- [Information provided]
::::::

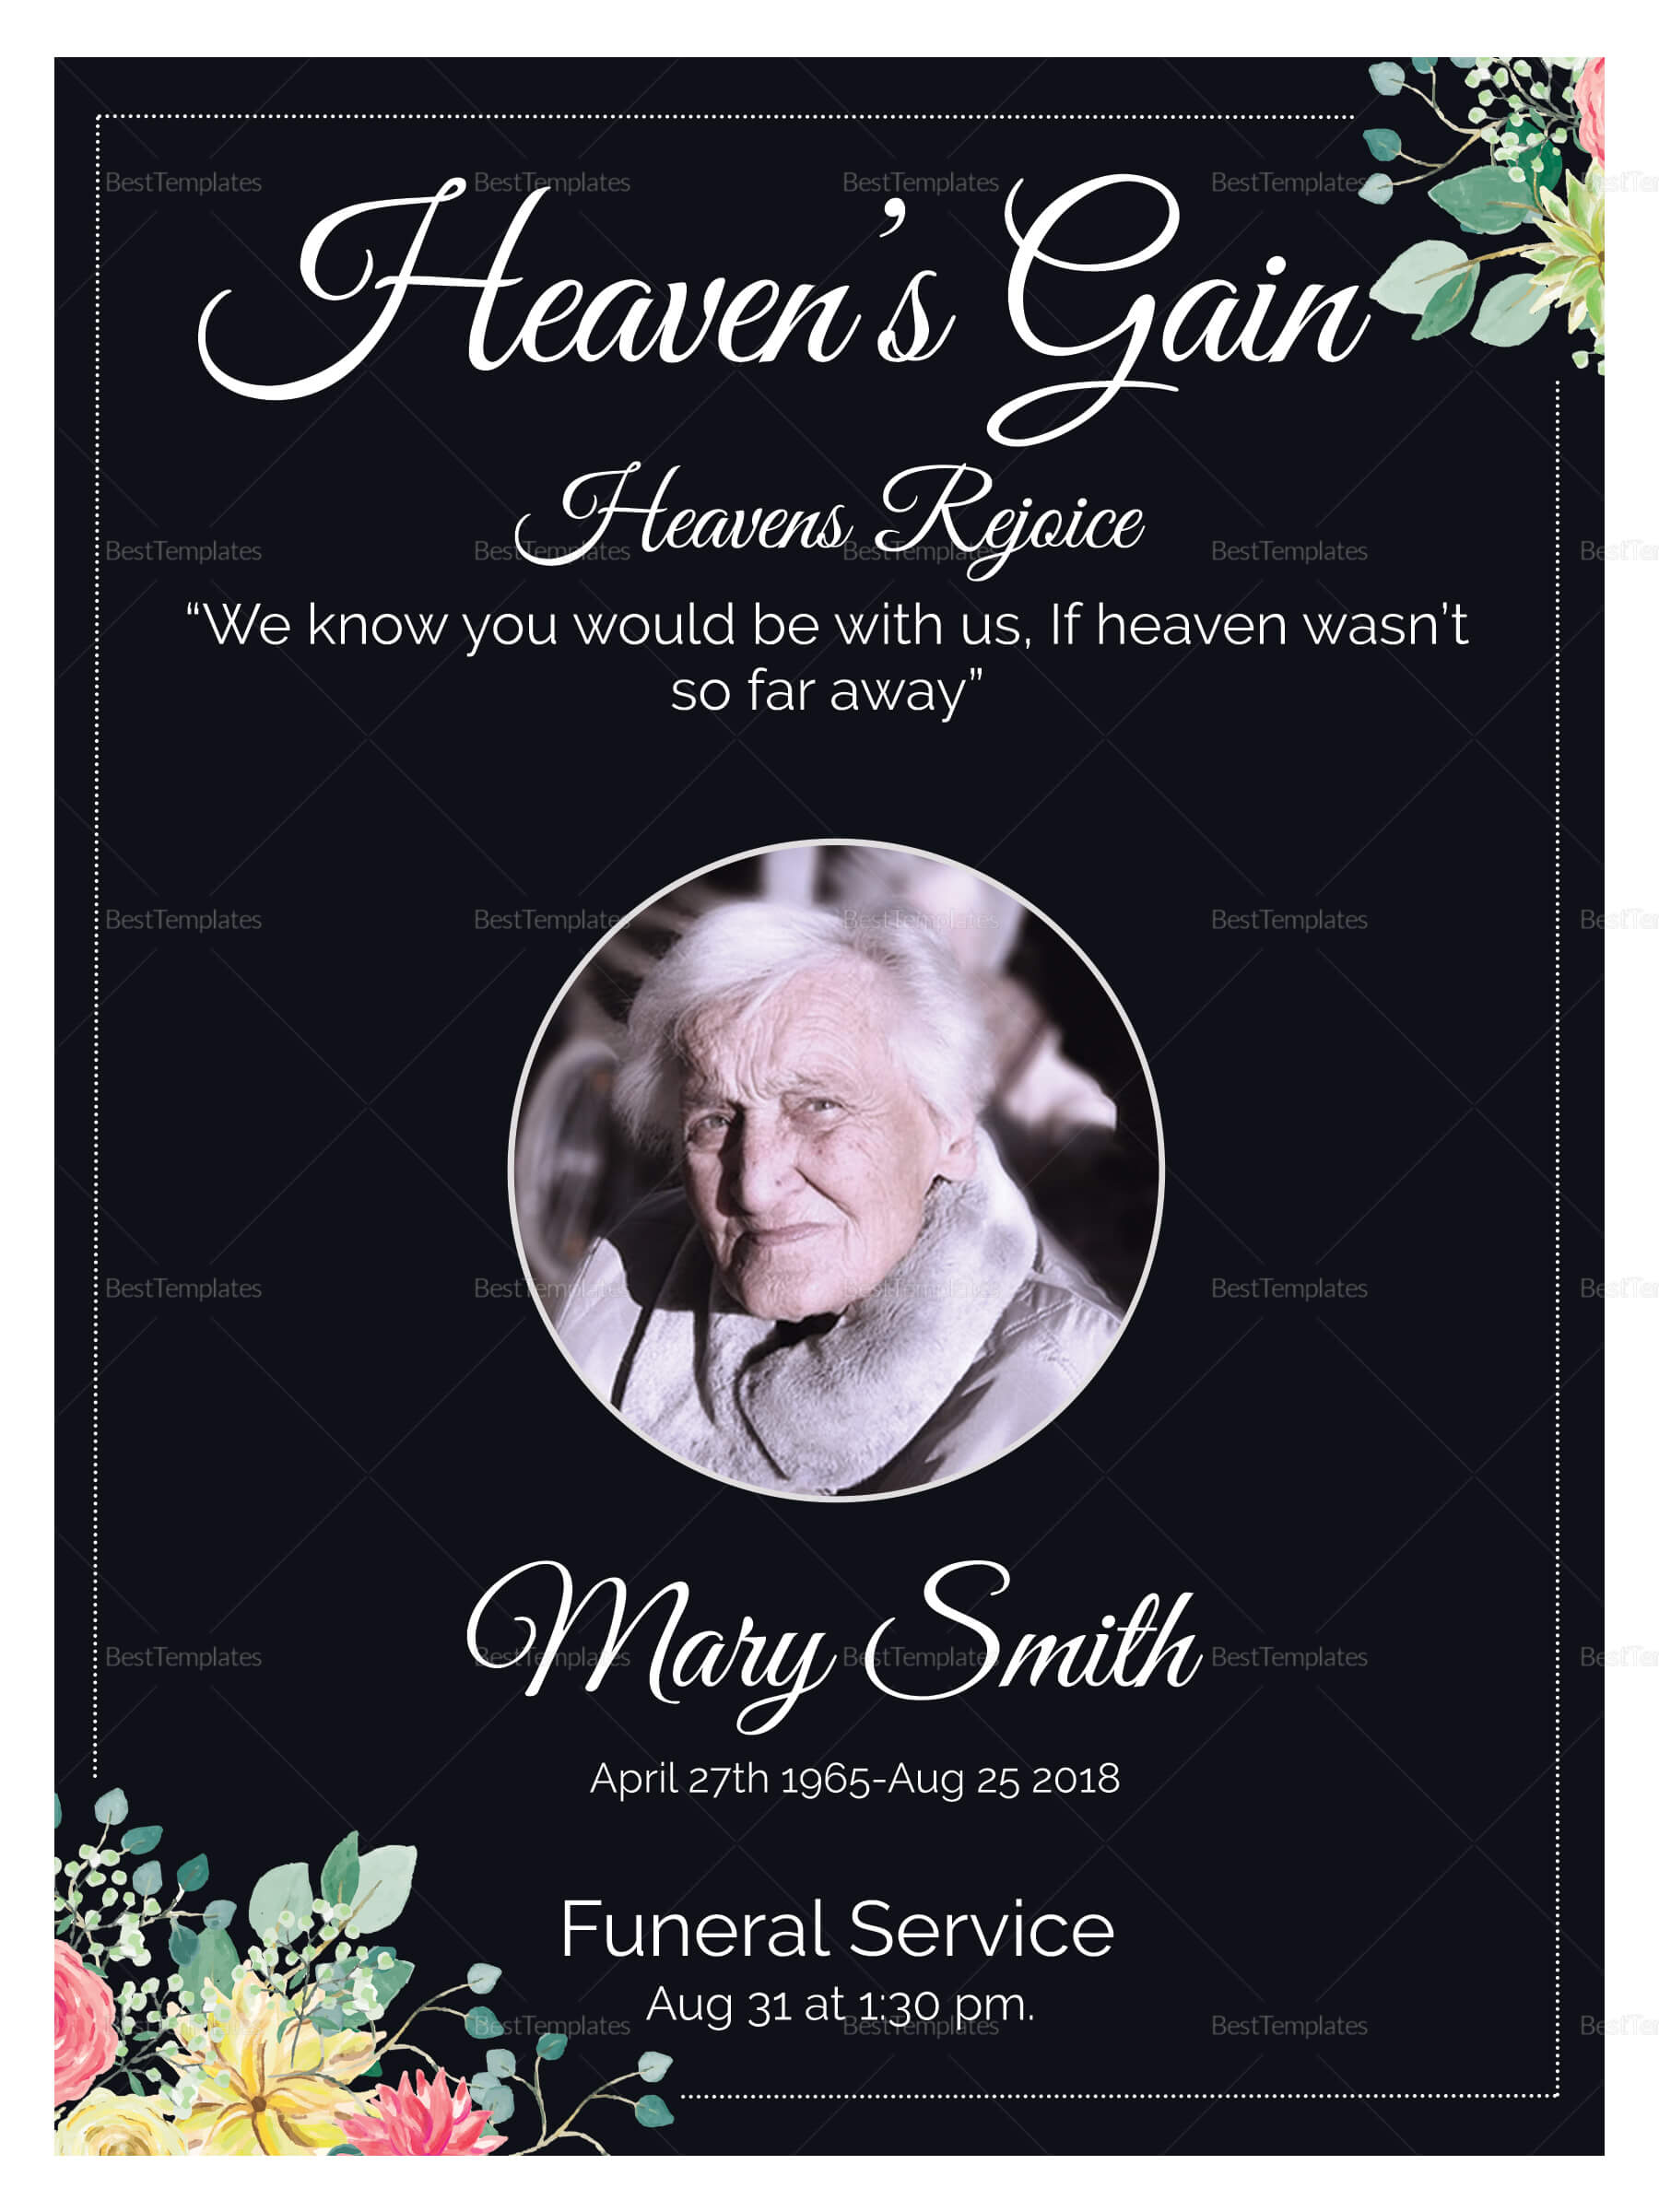 Eulogy Funeral Invitation Card Template With Regard To Funeral Invitation Card Template
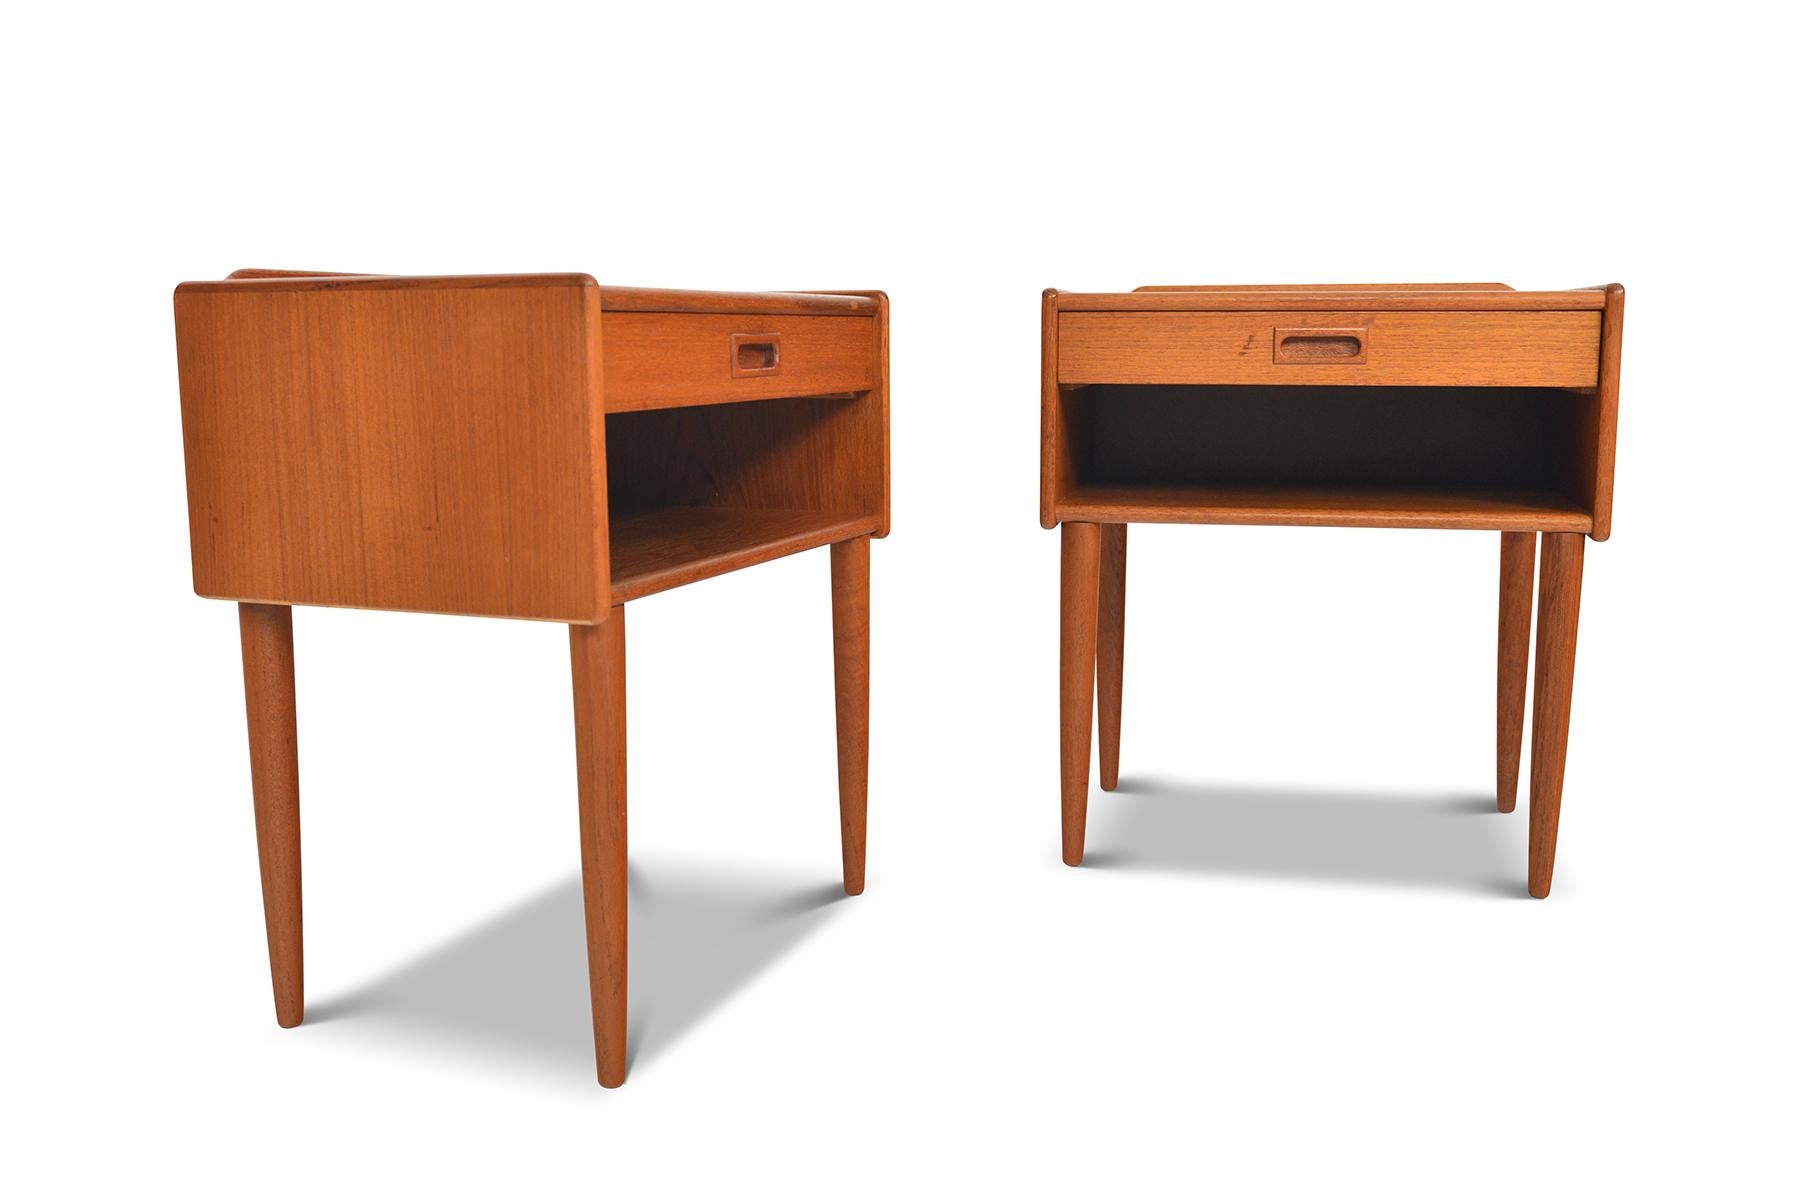 This handsome pair of Danish modern midcentury nightstands blend form and function seamlessly. A single pullout drawer provides storage for smaller items with a roomy open cubby beneath. In excellent original condition with typical wear for their
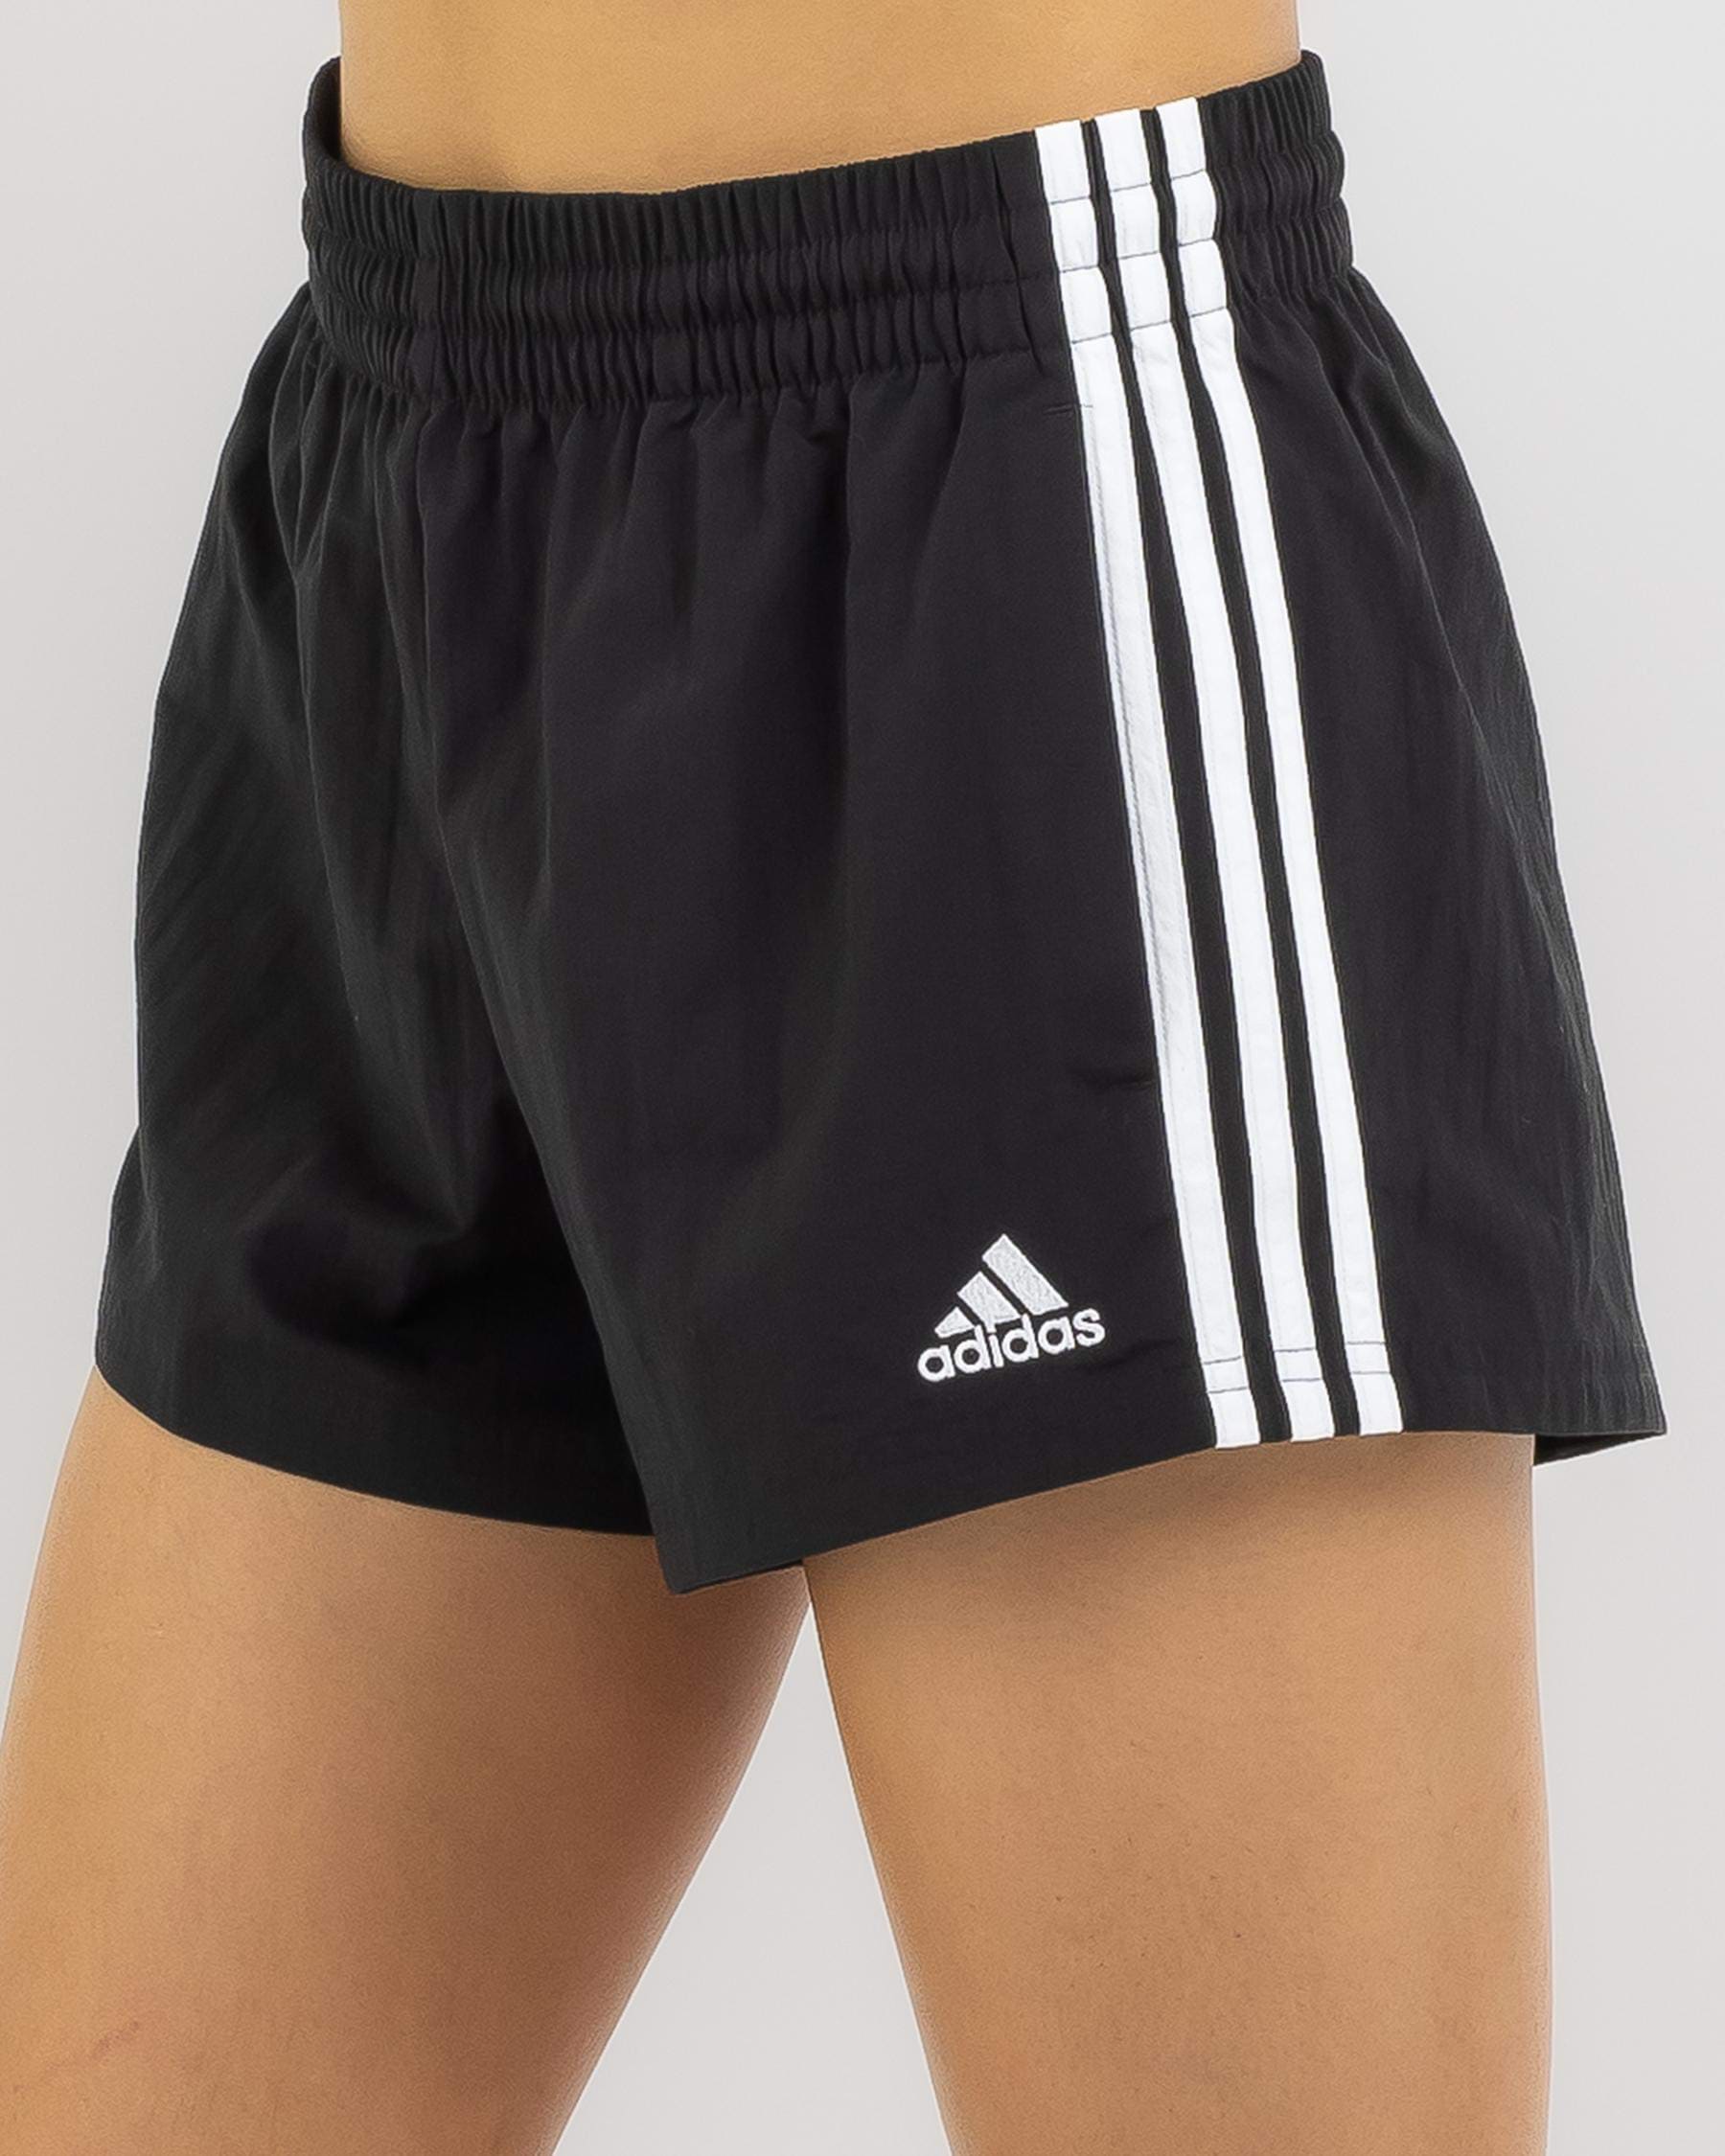 Adidas Essentials - - Black/white Beach 3 Woven Easy Shipping FREE* City States Stripe United Shorts In & Returns

::::::

- [Directions] The listing must be repeated word for word, and none of its pictures may appear in the copy.

- [Answer to this exercise]
 Eulogy Funeral Invitation Card Template With Regard To Funeral Invitation Card Template
 This handsome pair of Danish modern midcentury nightstands blend form and function seamlessly. A single pullout drawer provides storage for smaller items with a roomy open cubby beneath. In excellent original condition with typical wear for their
 Adidas Essentials - - Black/white Beach 3 Woven Easy Shipping FREE* City States Stripe United Shorts In & Returns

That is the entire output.